The "mastery" of silk weaving, according to older workers, involved not only skill but "autonomy" for men who could establish family workshops. They were simultaneously skilled artisans, petty proprietors, andheads of households. Each role reinforced the other. The possibility of autonomy rested on the ability of the male head of household to oversee the "outside" realm of the family business; that is, to interact with non-kin in the various realms of commerce in silk. These workshops commonly worked on consignment for silk stores, which provided them with the raw materials and sold the finished silk cloth to colonial importers. Given the uncertainty of the economic situation in China during the wars of the 1940s and the vagaries of the world market in silk, the male head of a silk household needed to be agile in negotiating relations of commerce. If he failed, he might be forced to enter one of the factories, bringing his loom with him. He thus represented the labor of "his" household to those in the outside world as if it were coextensive with his own person. Men in this way not only achieved a skill and a business but, through that business, they also achieved the project of manhood.

The Communist Party would develop an official discourse on women's liberation that interpreted women's lives in functional terms of subordination in a "domestic" sphere of nonlabor. This discourse would radically recast the meanings of women's place in silk-producing households. It would erase any recognition that women in these households had engaged in "laboring" activities. Older workers readily acknowledge, however, that their mothers worked in their family workshops. They did the "women's work" of preparing the silk yarn for their husbands to weave, and occasionally they even did the weaving. Ding Zhuren recalled that "my mother learned before 1956 [when families moved into the factories with nationalization]. Because she was at home. Father had to go out to sell goods. So she would turn on and operate the loom. A lot of women knew how to do this. They didn't know how to repair them."

For Ding Zhuren, as for others, the laboring activity of their mothers was not a cause for shame or awkwardness. It did not lower the social standing of their families, for their mothers engaged in silk production inside the home. Women's subordination in this cultural system was not due, as the party would later reinterpret it, to "material" divisions of labor between the "private" sphere of family and the "public" sphere of work. Instead, women's subordination on the eve of the socialist revolution was organized through a cultural topography that shaped spatial relations in terms of sexual difference. Divisions of labor were not the causal foundations so much as exemplifications of a larger cultural construction of gender.
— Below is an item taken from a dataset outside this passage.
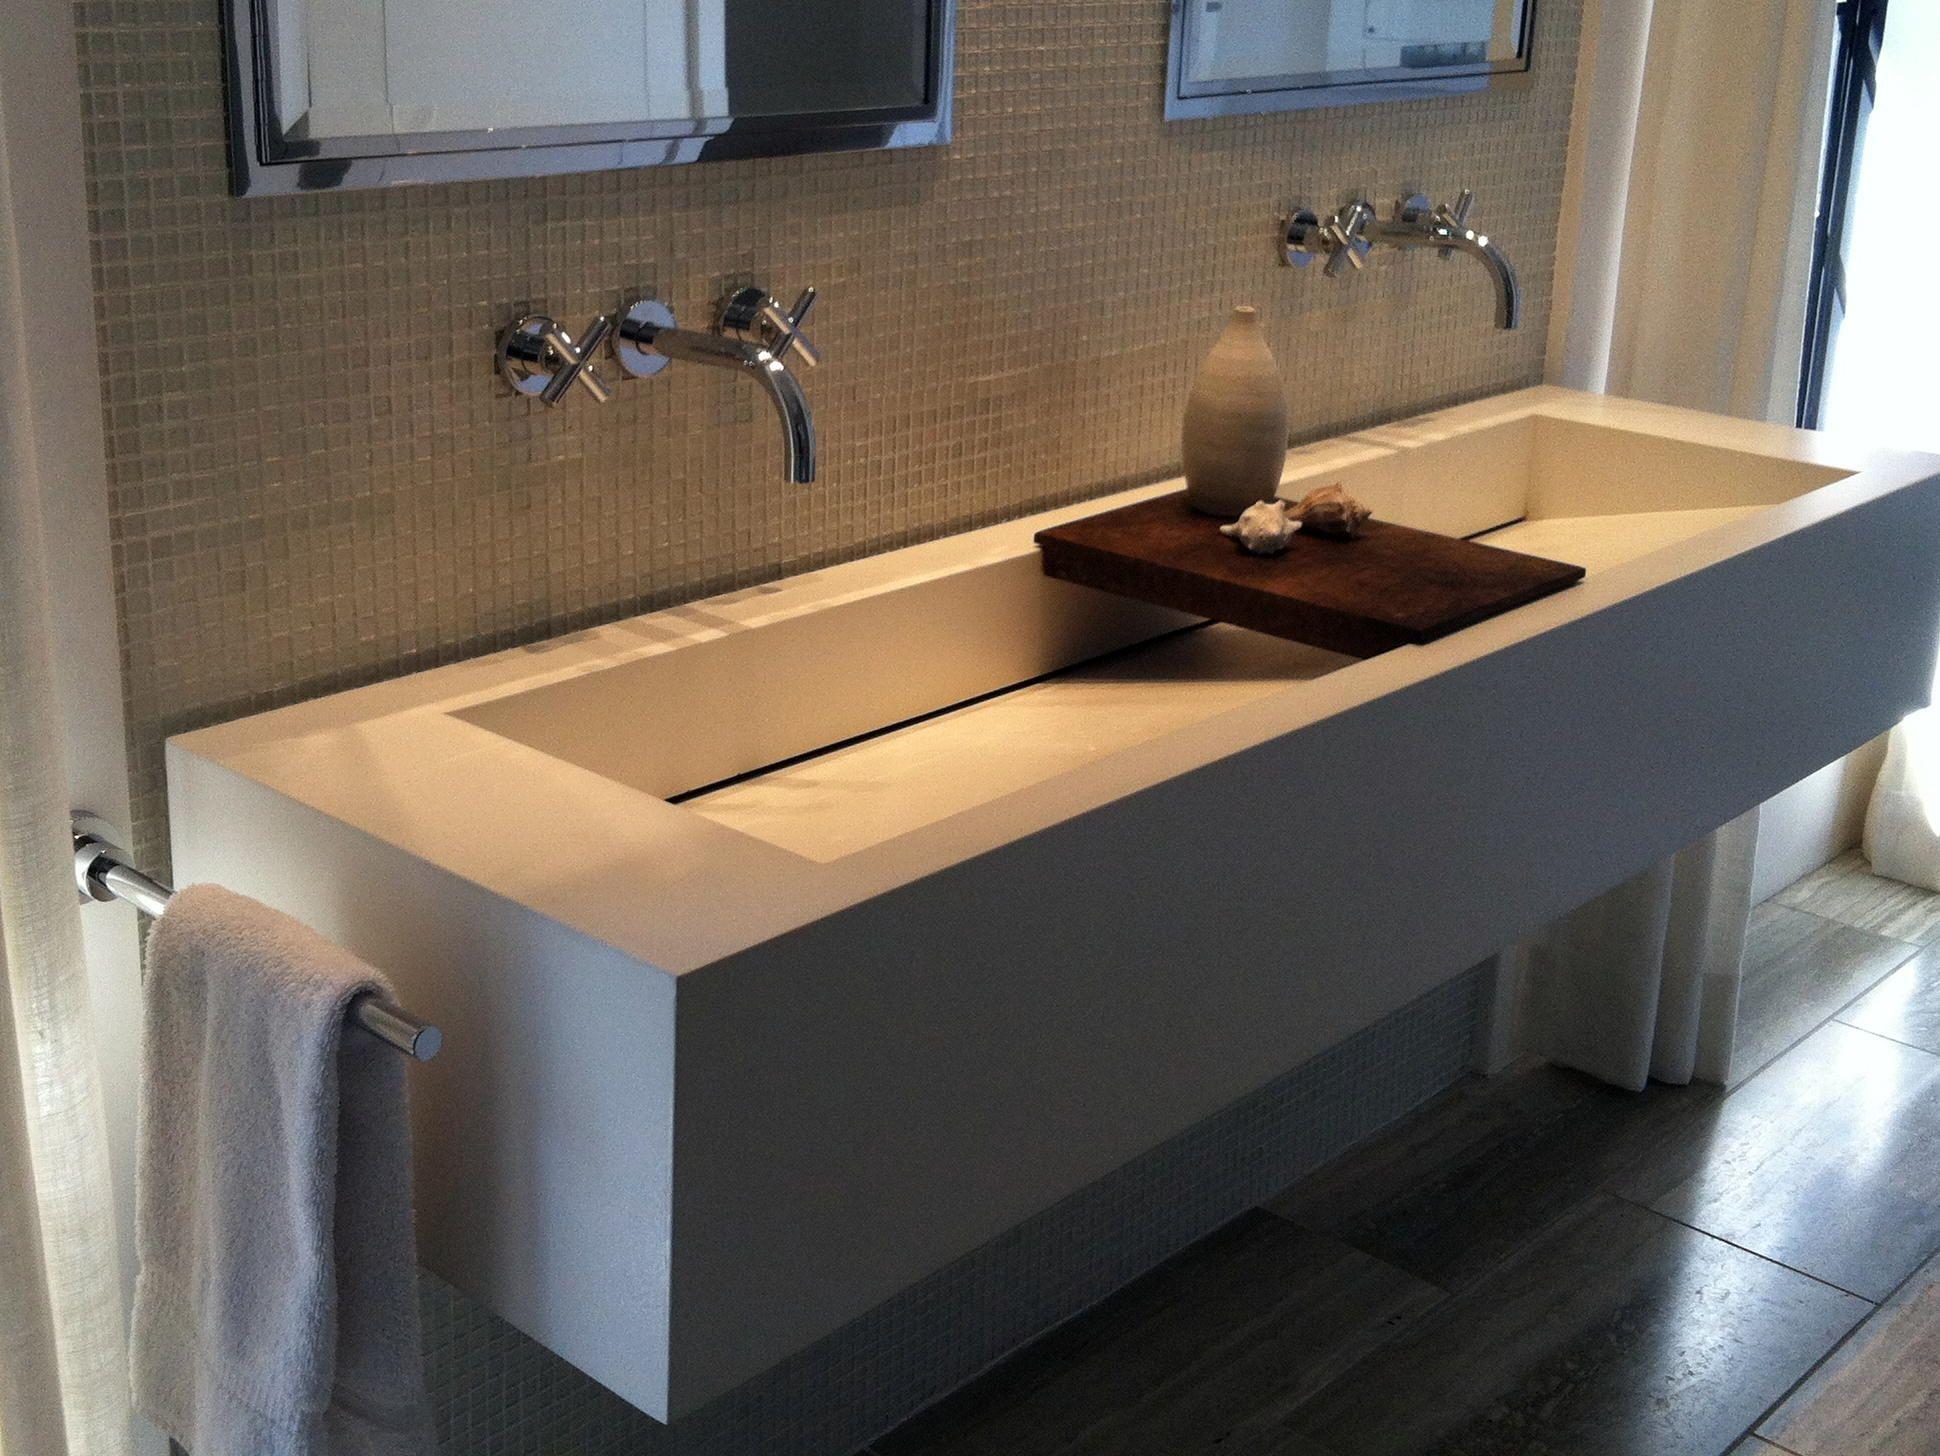 51 trough sinks ideas trough sink

Before turning to a discussion of that spatial topography, however, I offer Chen Shifu's story of growing up in a silk-producing household. Chen Shifu, a much admired senior silk weaver at Zhenfu, was one of the first women to enter the male domain of silk weaving in the 1950s. Her narrative highlights the different gender positionings within the cultural economy of silk production. The women and men in these household workshops did not always share a unified cultural perspective. Nor did the cultural logics of this economy always go unchallenged. Though often taken for granted, they could also be the site of conflict and gendered insubordination. Household workshops, as a node of social life and a field of power, reproduced sociospatial representations of femininity and masculinity characteristic of urban Chinese culture in the first half of the twentieth century. This specificity produced its own set of critical gendered commentary. Chen Shifu's story provides one such commentary.

A Daughter, Not a Son

Chen Shifu's is a tale about the downfall of a household workshop, and it is not in any sense typical. The tenuous circumstances of her early life thwarted the hegemony of gender differentiation in silk households. It is through just such gaps that alternative visions can slip, as other discursive practices lodge there. In Chen Shifu's story, then, we begin to discern the way in which the socialist state's production of knowledge about women's liberation was able to take such powerful hold in the imaginations of particular women.
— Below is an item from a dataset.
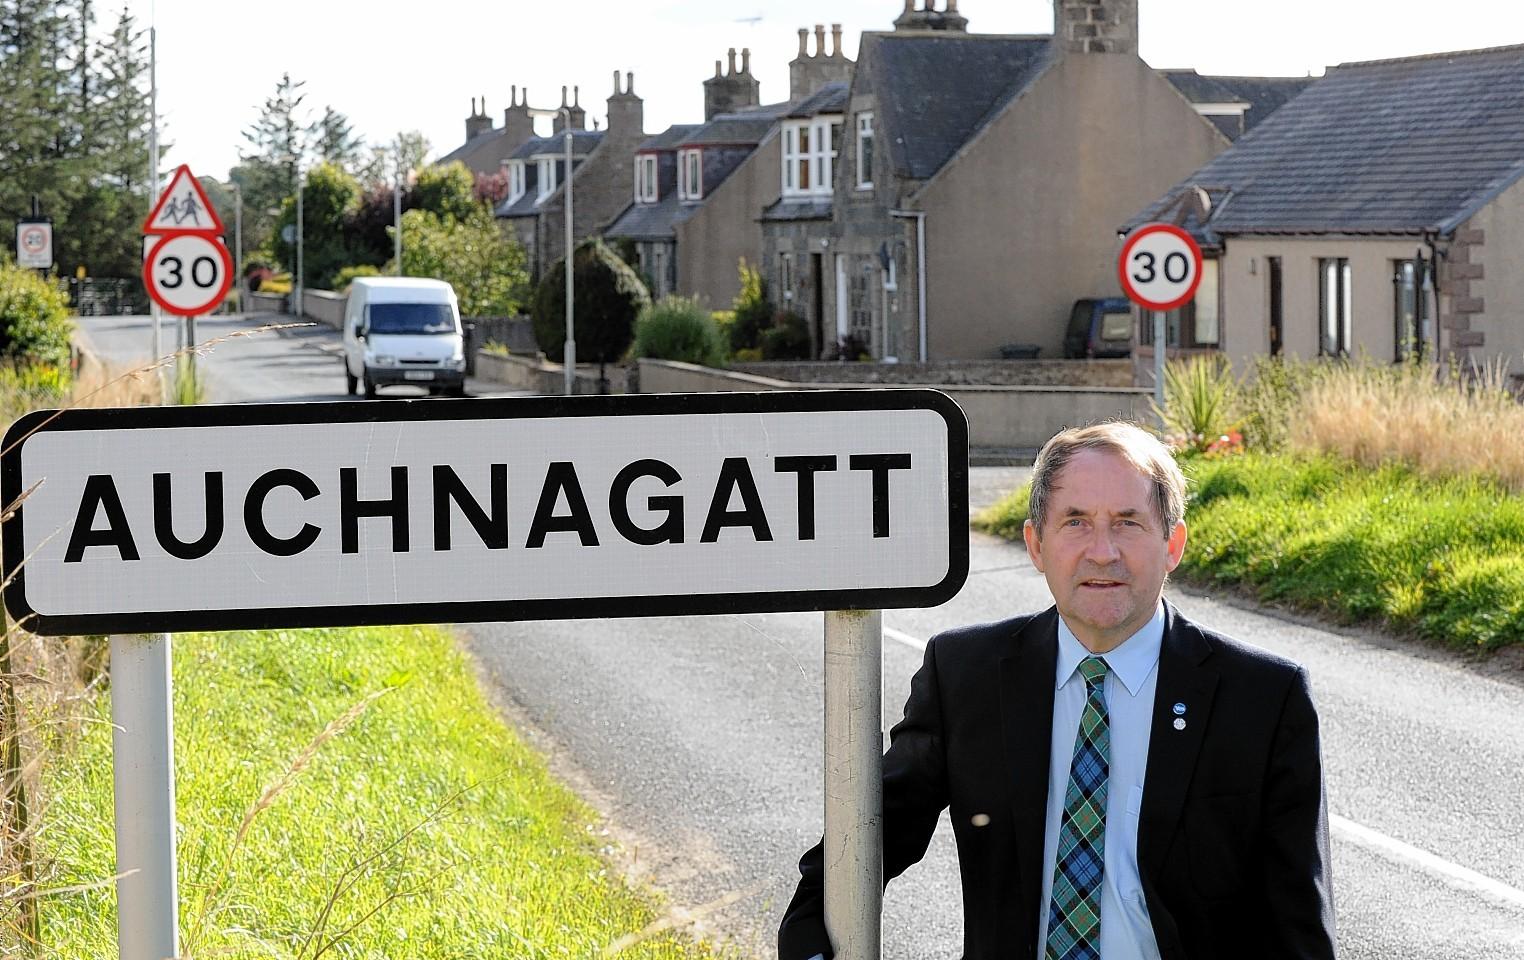 Councillor Jim Ingram at Auchnagatt

I first met Chen Shifu on a late autumn day at Zhenfu when a rare moment of respite had quieted the looms. The lack of sufficient electrical power in the city meant that each district was required to follow a rotating schedule of halting electrical use for several hours every week.



The city government tried to spare industrial work units, but it was Zhenfu's turn, and so the usual hum and racket of the looms and spindles briefly died away. Several workers, especially the older ones, discreetly tried to appear busy, as not being occupied could be interpreted as a political stance, echoing Cultural Revolution work morality. Others were less concerned; young men dragged on their cigarettes while young women chatted among themselves. Workshop cadres tried to prove their "efficiency" by calling production meetings. I took advantage of the calm to tell Tang Shan that I wished to speak with an older weaver, as most of my more intimate contacts had been with young women in the prep shop. She promptly brought Chen Shifu over from one of the weaving shops to meet with me in the small, spare office off the elaborately stuffed reception room in what workers colloquially called the "higher ups'" building: that is, where the administration lodged itself. Workers rarely entered it; they would tell me they didn't have the qualifications to do so. When one or the other of the women from the prep shop would, on occasion, wander over to look for me, they peered awkwardly into the entrance, unsure how to conduct themselves in this unknown place. They knew no one there; to them, the higher ups, the cadres in charge of the factory, were strangers.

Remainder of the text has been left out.